Level: | Easy |
Total: | 1 hr 30 min |
Active: | 45 min |
Yield: | About 24 cookies |
Ingredients
- 5 slices bacon, chopped
- 1/2 cup plus 2 teaspoons packed dark brown sugar
- 1 teaspoon water
- 1 1/2 cups all-purpose flour
- 1/2 teaspoon baking powder
- 1/2 teaspoon baking soda
- 1/4 teaspoon salt
- 10 tablespoons unsalted butter, at room temperature
- 1/2 cup granulated sugar
- 1 large egg, plus 1 egg yolk, at room temperature
- 2 teaspoons pure vanilla extract
- 1 cup broken mini pretzels
- 1/2 cup semisweet chocolate chips
- 1/2 cup mini candy-coated chocolates (such as M&M’s)
- 2 cups kettle-cooked potato chips, broken
Instructions
- Position racks in the upper and lower thirds of the oven; preheat to 350 degrees F. Line 2 baking sheets with parchment paper; set aside. Cook the bacon in a medium skillet over medium heat, stirring occasionally, until browned and crisp, about 10 minutes. Pour off the drippings into a small bowl, keeping the bacon in the skillet; set the drippings aside and let cool.
- Add 2 teaspoons brown sugar and the water to the skillet with the bacon and cook, stirring, until the sugar dissolves and the bacon is crisp, about 1 minute. Transfer the bacon mixture to a plate and spread out; let cool.
- Whisk the flour, baking powder, baking soda and salt in a medium bowl. Beat the butter, 2 tablespoons of the reserved bacon drippings, the remaining 1/2 cup brown sugar and the granulated sugar in a large bowl with a mixer on medium-high speed until light and fluffy, 2 to 3 minutes. Beat in the whole egg, egg yolk and vanilla until well combined. Reduce the mixer speed to low and beat in the flour mixture until just combined. Add the pretzels, chocolate chips, candy-coated chocolates and bacon and beat until just combined. Stir in the potato chips with a rubber spatula.
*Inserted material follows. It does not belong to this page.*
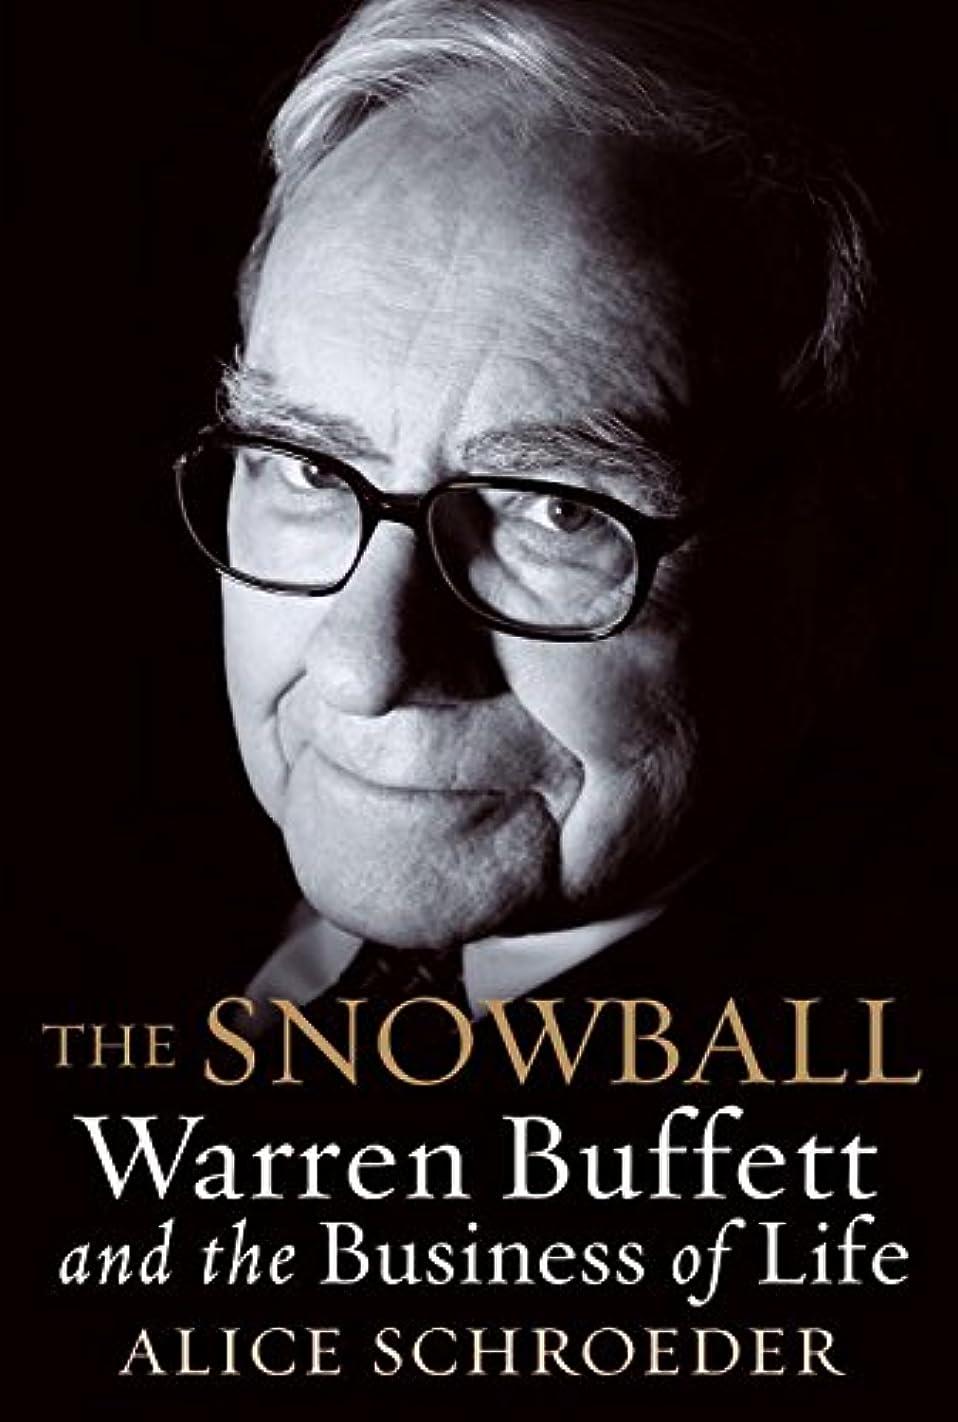 啓示処理する予想外The Snowball: Warren Buffett and the Business of Life (English Edition)

- Roll the dough into large balls (about 3 tablespoons each). Arrange 2 inches apart on the prepared baking sheets. Bake, switching the pans halfway through, until the cookies are golden and set around the edges but still soft in the middle, 13 to 15 minutes. Let cool 5 minutes on the pans, then transfer to racks to cool completely.
Nutrition Facts
Serving Size | 1 of 24 servings |
Calories | 232 |
Total Fat | 11 g |
Saturated Fat | 5 g |
Carbohydrates | 30 g |
Dietary Fiber | 1 g |
Sugar | 14 g |
Protein | 4 g |
Cholesterol | 31 mg |
Sodium | 225 mg |
Reviews
I’ve made them several times for tailgating, and when the adults figure out they’re sweet+salty, they devour them! I think they look pretty sweet, so tailgating adults aren’t looking for that, but I call them adult cookies, and they go! Also very popular after sailboat races and rugby tailgates.
These cookies were good, but not everyone was a fan of the bacon in them (me included). I’d add bacon fat but no bacon if I were to make them again.
Delicious! Careful not to chop up the pretzels too much, or else you can’t see them in the cookie. I would also reduce chips to one cup next time.
I was a little skeptical because these cookies are so loaded, but man did they turn out good!
These cookies were amazing! I used 1 cup of chips instead of 2 and stuck to the rest of the recipe. They were a huge hit! I also crumbled some of the chips on top of half a dozen cookies 🙂
Interesting recipe the cookies are delicious. I used Scotch Bonnet Kettle Chips instead of plain another layer of flavor. A big hit.